If some-command is a builtin, the behavior depends on the type of builtin. Special builtins behave like functions. Special built-ins are the ones that have to be implemented inside the shell because they affect the state shell (e.g. break affects control flow, cd affects the current directory, set affects positional parameters and options…). Other builtins are built-in only for performance and convenience (mostly — e.g. the bash feature printf -v can only be implemented by a builtin), and they behave like an external command.

The assignment takes place after alias expansion, so if some-command is an alias, expand it first to find what happens.

Note that in all cases, the assignment is performed after the command line is parsed, including any variable substitution on the command line itself. So var=a; var=b echo $var prints a, because $var is evaluated before the assignment takes place. And thus IFS=. printf "%s\n" $var uses the old IFS value to split $var.

I've covered all the types of commands, but there's one more case: when there is no command to execute, i.e. if the command consists only of assignments (and possibly redirections). In that case, the assignment remains in place. VAR=VALUE OTHERVAR=OTHERVALUE is equivalent to VAR=VALUE; OTHERVAR=OTHERVALUE. So after IFS=. arr=($var), IFS remains set to .. Since you could use $IFS in the assignment to arr with the expectation that it already has its new value, it makes sense that the new value of IFS is used for the expansion of $var.

In summary, you can use IFS for temporary field splitting only:

• by starting a new shell or a subshell (e.g. third=$(IFS=.; set -f; set -- $var; echo "$3") is a complicated way of doing third=${var#*.*.} except that they behave differently when the value of var contains less than two . characters);
• in ksh, with IFS=. some-function where some-function is defined with the ksh syntax function some-function …;
• in bash and zsh, with IFS=. some-function as long as they are operating in native mode as opposed to compatibility mode.

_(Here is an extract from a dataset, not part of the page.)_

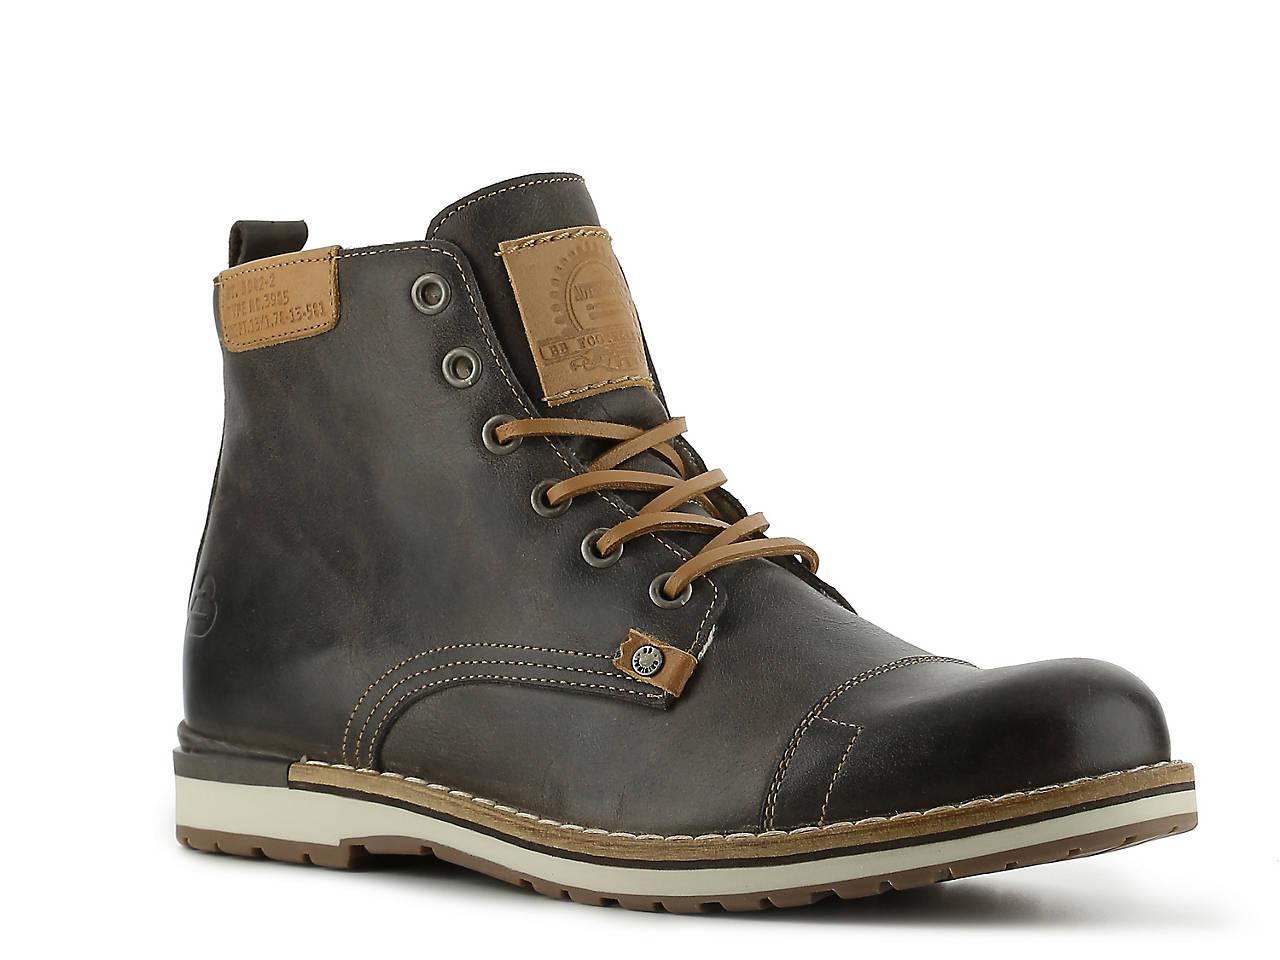 Mens WARM BOOTTIE Boots Bullboxer GFPsK

The answer of @Gilles is really great, he explains (in detail) a complex issue.

However, I believe that the answer to why this command:

$ IFS=. printf "%s\n" $var
a.b.c

works as it does is the simple idea that the whole command line is parsed before it is executed. And that each "word" is processed once by the shell.
The assignments, like IFS=., are delayed (step 4 is the last one):

4.- Each variable assignment shall be expanded ...

until just before the command is executed and all expansions in arguments are processed first to build this executable line:

$ IFS=. printf "%s\n" a.b.c           ## IFS=. goes to the environment.
a.b.c

The value of $var is expanded with the "old" IFS to a.b.c before the command printf is given the arguments "%s\n" and a.b.c.

Eval

One level of delay may be introduced by eval:

$ IFS=. eval printf "'%s\n'" \$var
a
b
c

The line is parsed (1st time) and 'IFS=.' is set to the environment as this:

$ printf '%s\n' $var

Then it is parsed again to this:

$ printf '%s\n' a b c

And executed to this:

a
b
c

The value of $var (a.b.c) is split with the value of IFS in use: ..

Environment

The complex and tricky part is what is valid in the environment when !!!

That is explained very well in the first part of Gilles answer.

With an additional detail.

When this command is executed:

$ IFS=. arr=($var)

The value of IFS is retained in the present environment, yes:

$ printf '<%s>  ' "${arr[@]}" "$IFS"
<a>  <b>  <c>  <.> 

IFS for a single statement.

But it could be avoided: Setting IFS for a single statement

$ IFS=. command eval arr\=\(\$var\)

$  printf '<%s>  ' "${arr[@]}" "$IFS"
<a>  <b>  <c>  < 
> 

Your question regarding

var=a.b.c
IFS=. printf "%s\n" $var

is a corner case.

This is because the macro expansion in the command happens before the shell variable IFS=.is set.

In other words: when $var is expanded, the previous IFS value active, then IFS is set to '.'.